PROBLEM REQUIREMENTS
The reply must repeat the listing below exactly and carry none of its pictures.

PROVIDED DATA
BEGIN

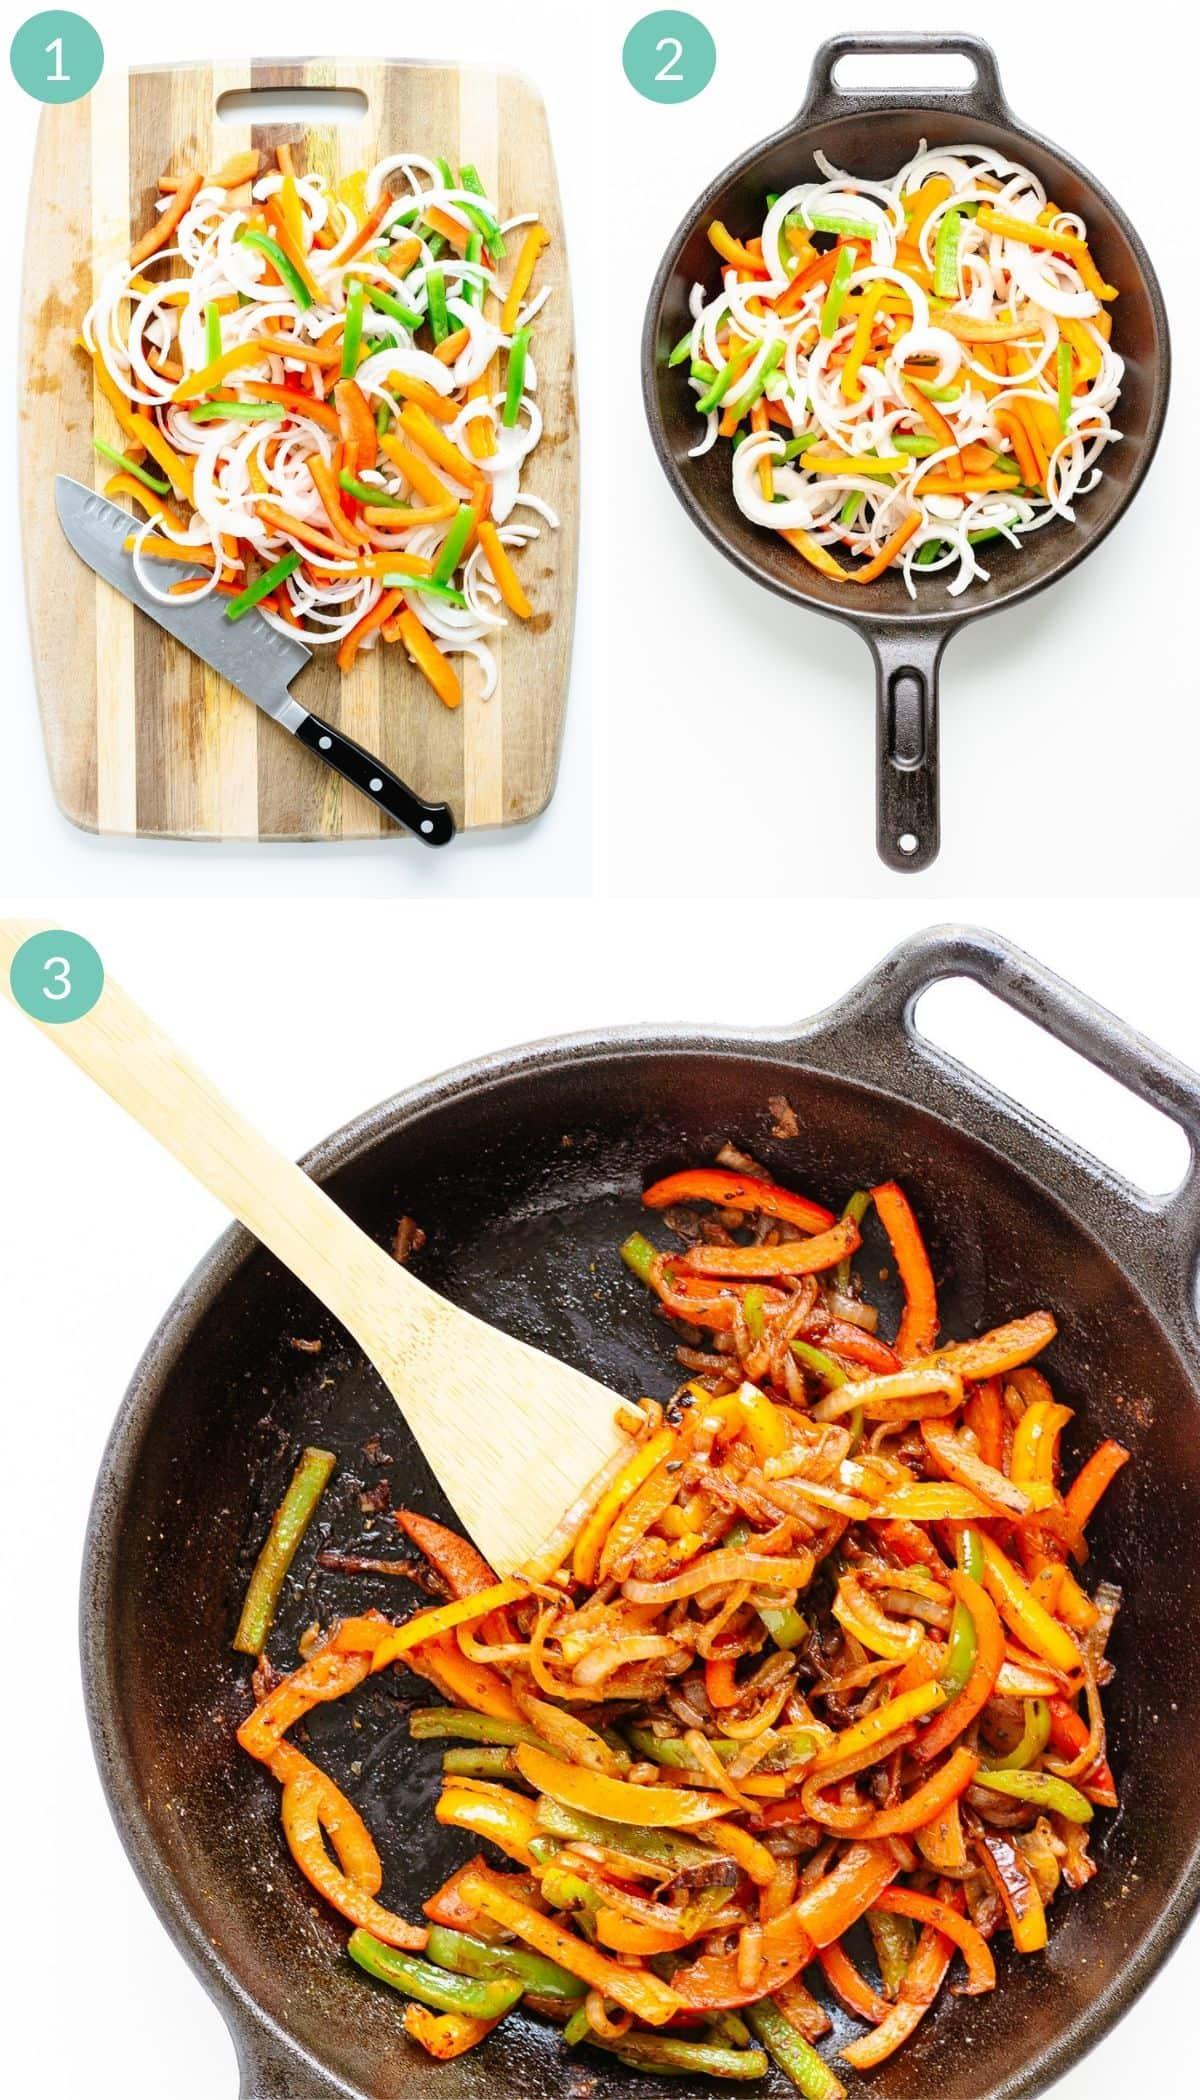 Photo collage showing step-by-step how to make fajita veggies.
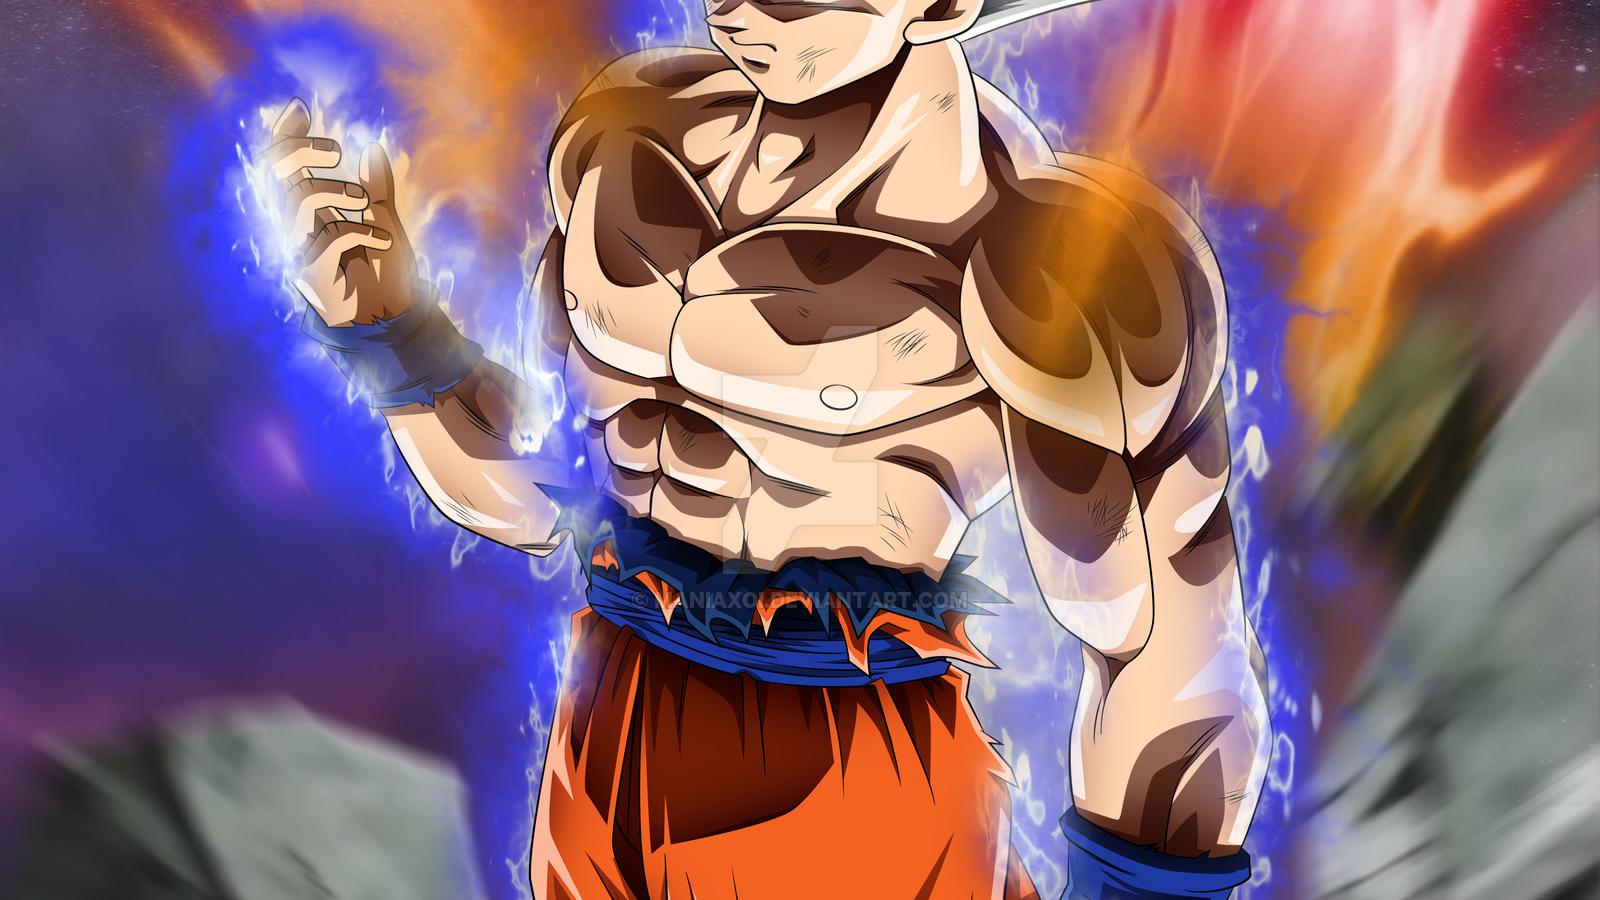 Free Download Goku Mastered Ultra Instinct By Maniaxoi
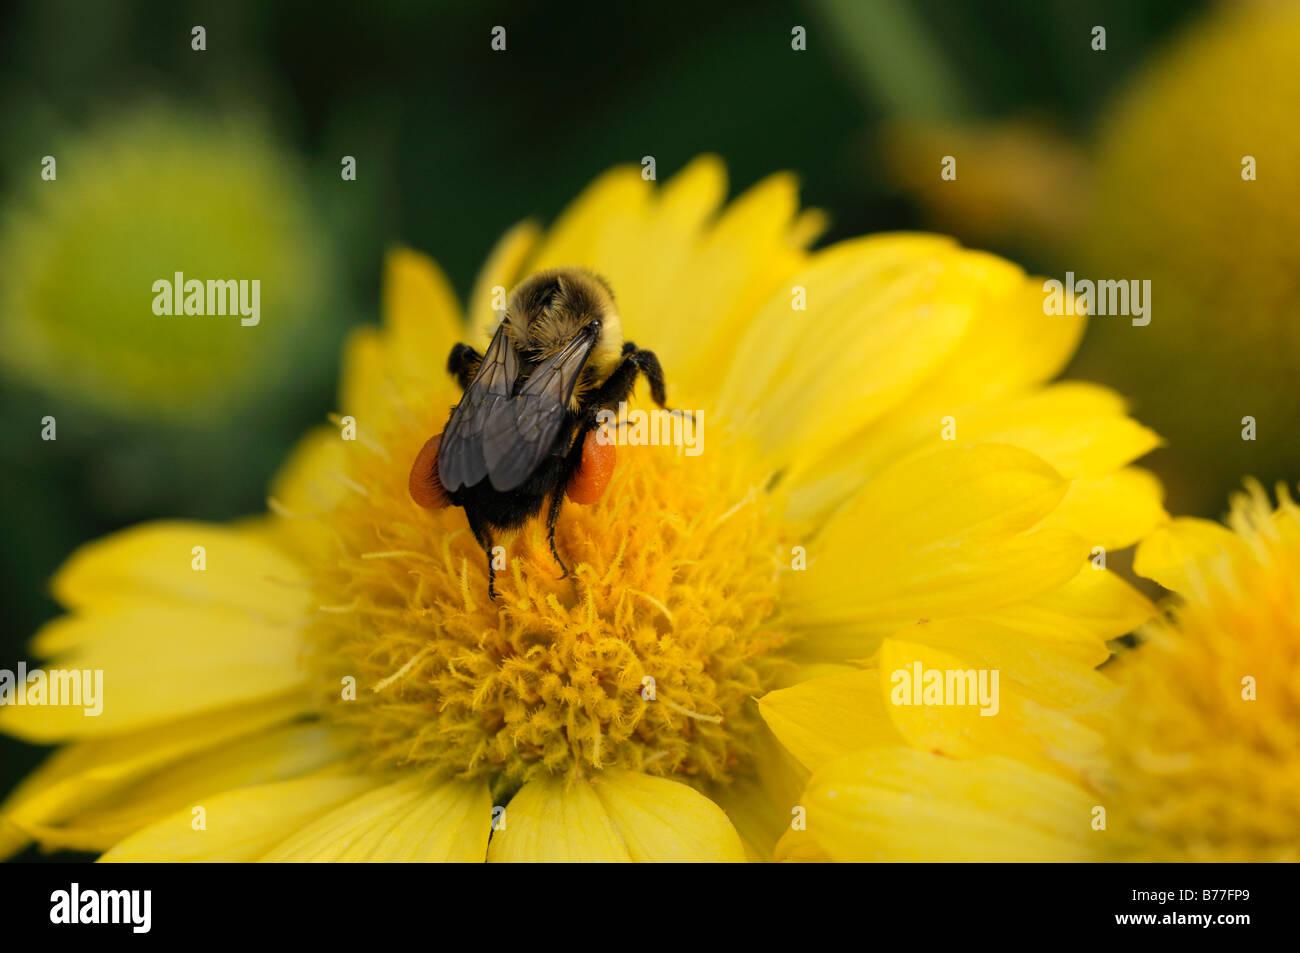 gaillardia x grandiflora yellow bee feeding collecting clooect sip nectar pollinate pollination flower bloom blossom - Stock Image

END

ANSWER SPACE
 Photo collage showing step-by-step how to make fajita veggies.
 Free Download Goku Mastered Ultra Instinct By Maniaxoi
 gaillardia x grandiflora yellow bee feeding collecting clooect sip nectar pollinate pollination flower bloom blossom - Stock Image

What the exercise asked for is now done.